Brandt stopped, his electric blue eyes assessing her with that penetrating gaze that had made her feel safe once. Now it just made her feel trapped.

“I can’t do this to Oliver again,” she whispered. “He’s just starting to feel normal. To trust that we’re not going to disappear in the middle of the night. If we run now?—”

“If you stay, Aleksandr will find you.” There was no emotion in his voice, just cold certainty. “Maybe not today or tomorrow, but eventually. And when he does, you know what happens next.”

Images flashed through her mind—Alek’s hand around her throat, the way he’d smiled as he’d tightened his grip until black spots danced across her vision. The coldness in his eyes when he’d told her she belonged to him. Forever.

But beneath the old fear, anger began to simmer. “I’m not letting him chase us away from our lives.”

“You don’t have a choice.”

“But I do,” she whispered. “This time, everything is different.”

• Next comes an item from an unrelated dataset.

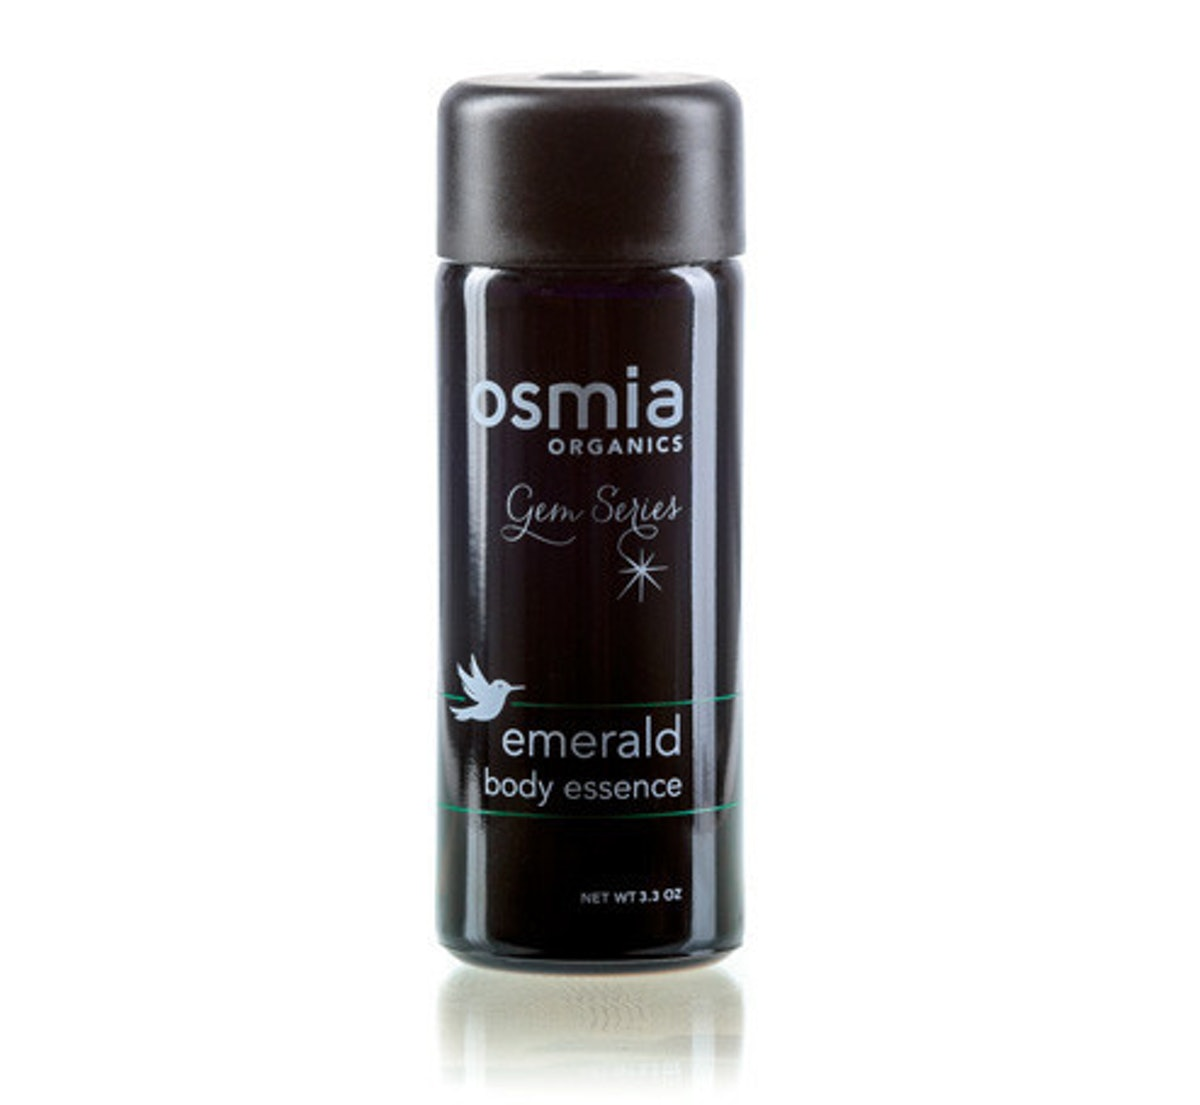 Osmia Emerald Body Essence

“How? Because you’ve got friends this time? If you think the men of Valor Ridge or Jax Thorne will protect you, you’re more naive than I gave you credit for.”

She flinched. “This isn’t about Jax.”

“Isn’t it?” Brandt studied her face, and she felt uncomfortably exposed. “You’ve got feelings for him.”

“I barely know him.”

“Yet you’re willing to risk your life—and Oliver’s—to stay in town for him.”